(Beginning of COLLECTED DATA)

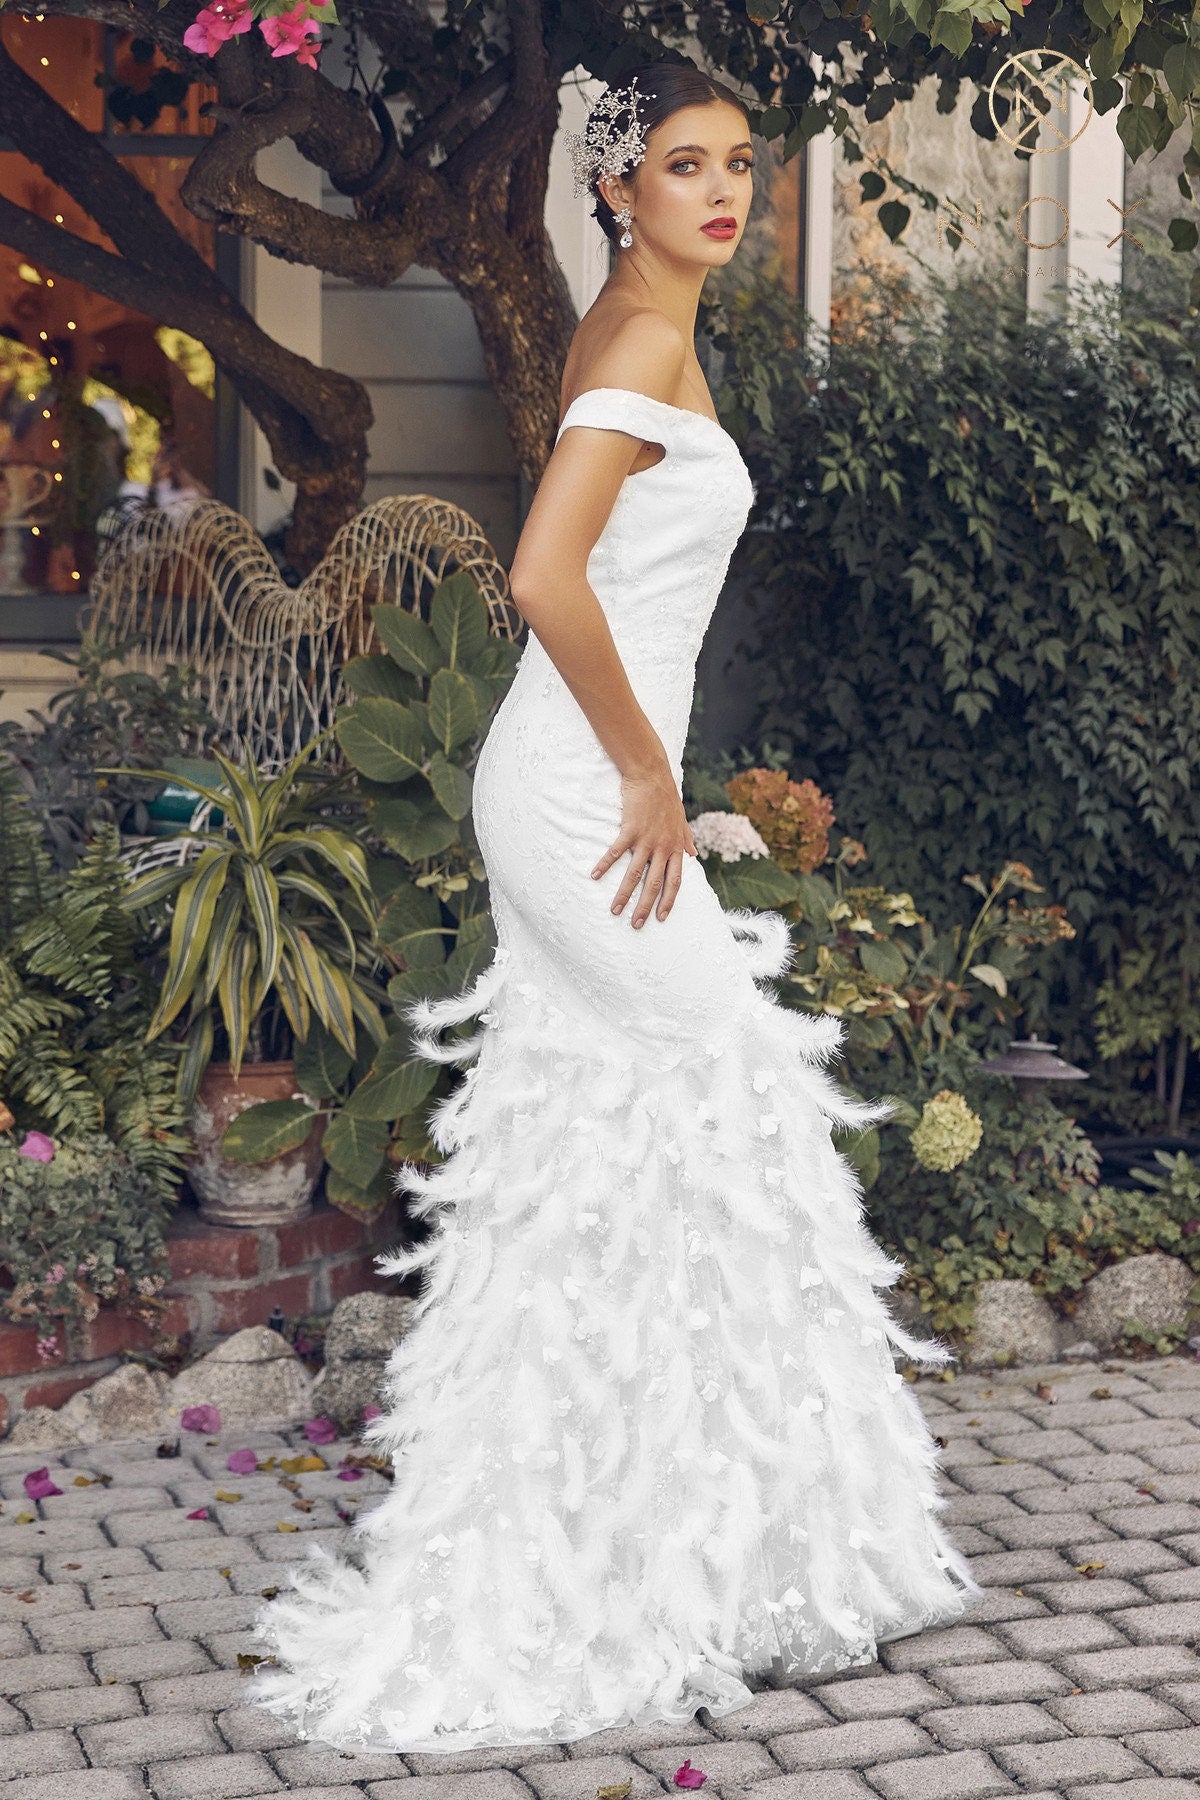 Beaded Off-Shoulder Sheath Bridal Gown with Feather Accents V Neckline Open Back Short Train Wedding Dress White Lace
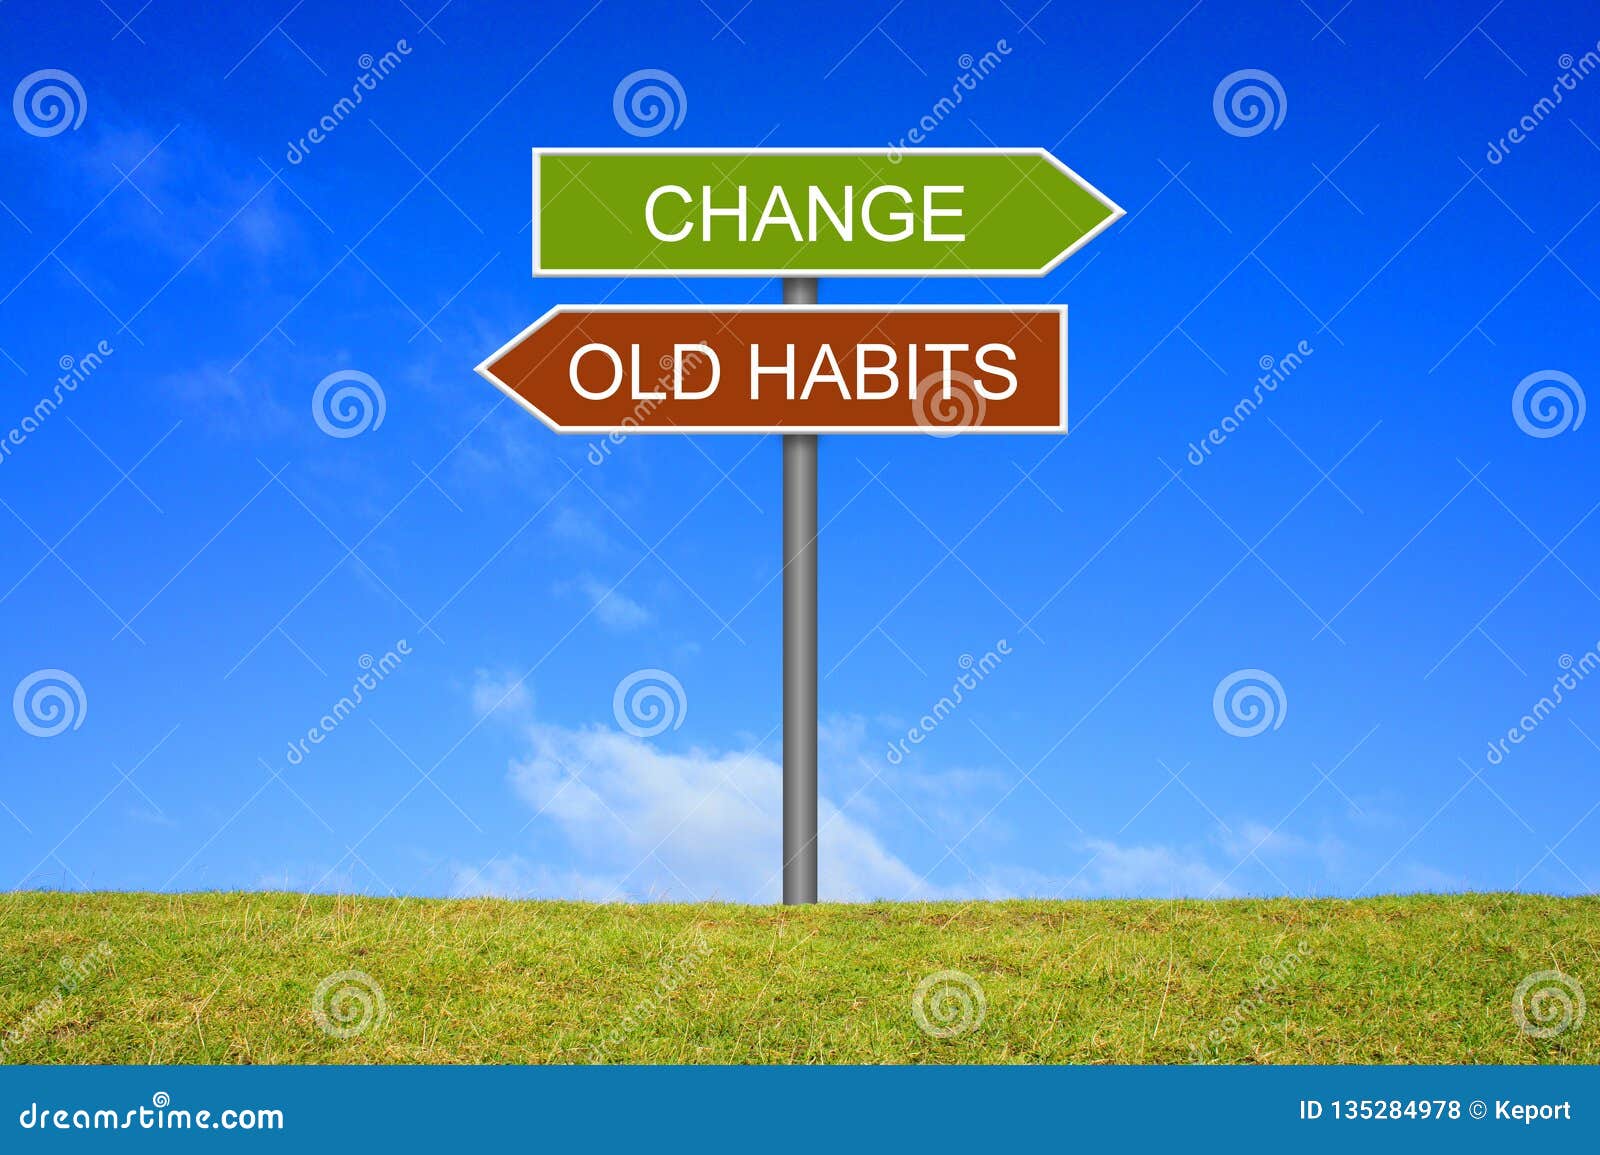 signpost showing old habits and change
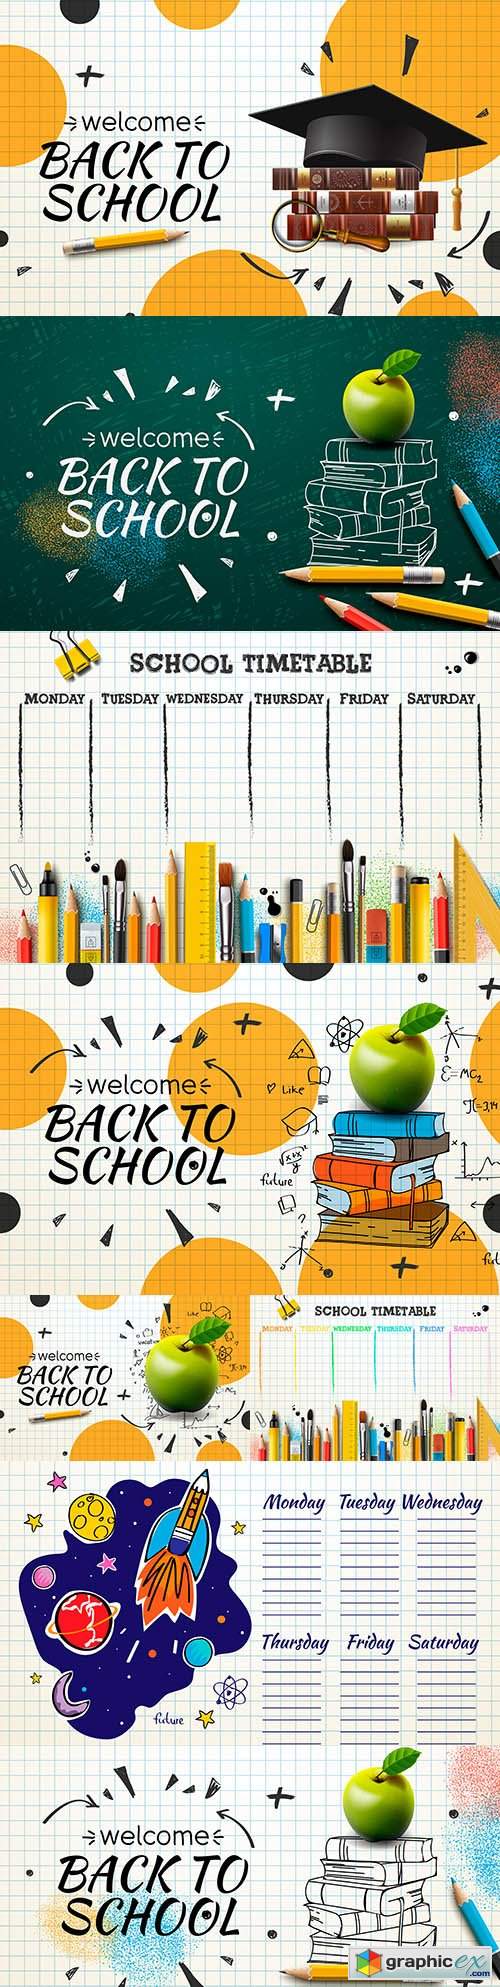  Back to school and accessories collection illustration 38 
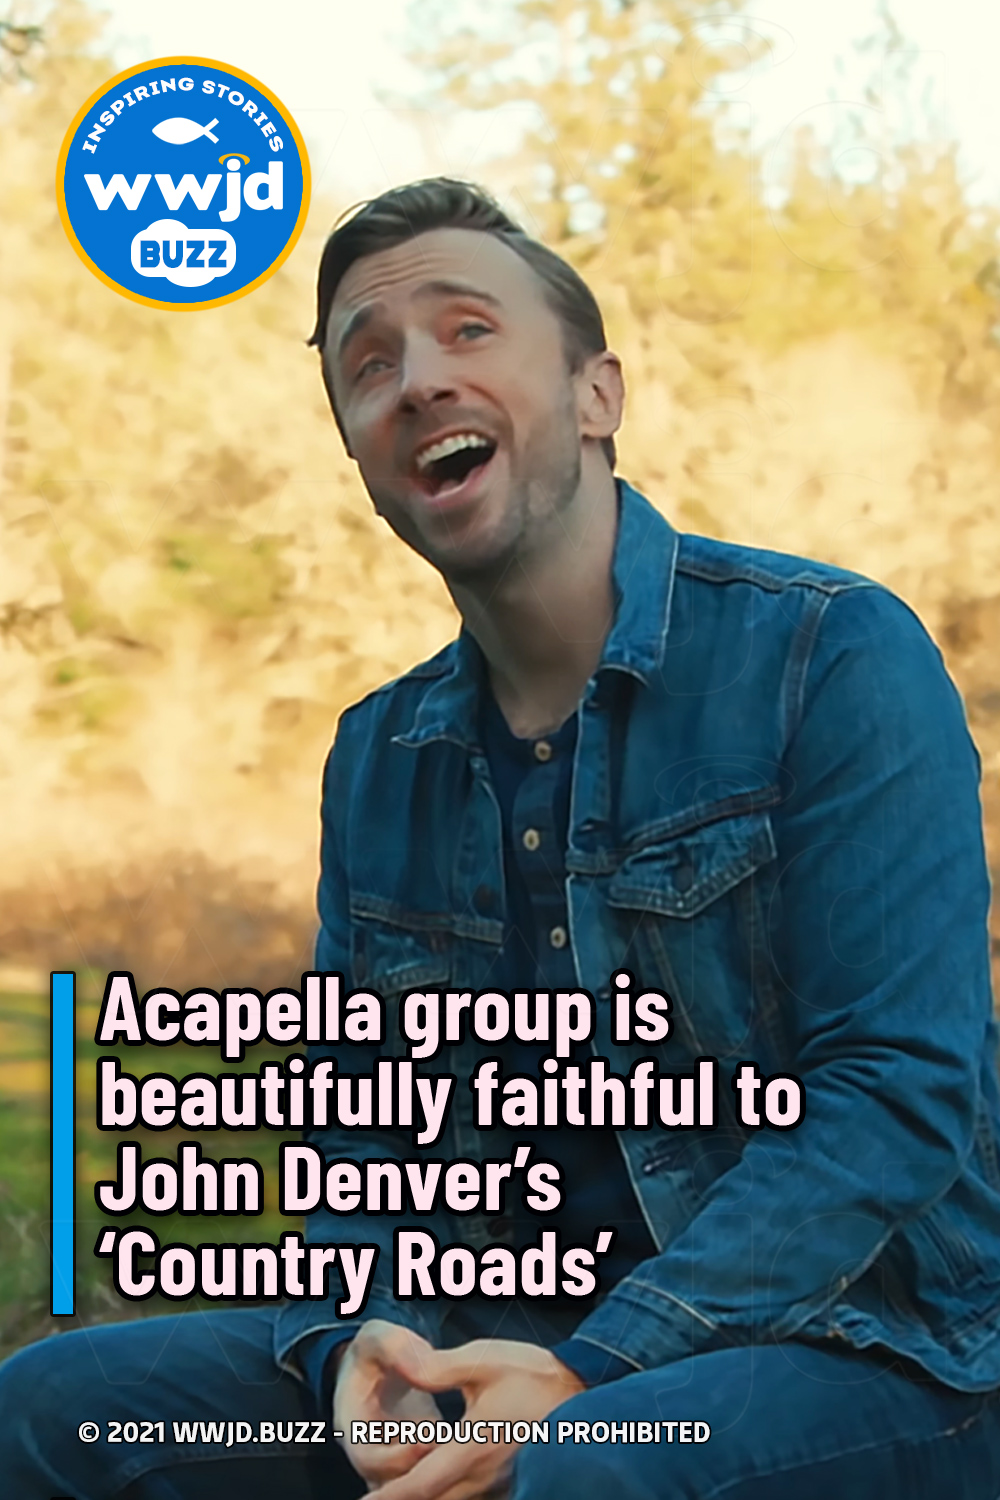 Acapella group is beautifully faithful to John Denver’s ‘Country Roads’

(End of COLLECTED DATA)

The material above must be printed exactly, with its pictures left out.

 Beaded Off-Shoulder Sheath Bridal Gown with Feather Accents V Neckline Open Back Short Train Wedding Dress White Lace
 signpost showing old habits and change
  Back to school and accessories collection illustration 38 
 Acapella group is beautifully faithful to John Denver’s ‘Country Roads’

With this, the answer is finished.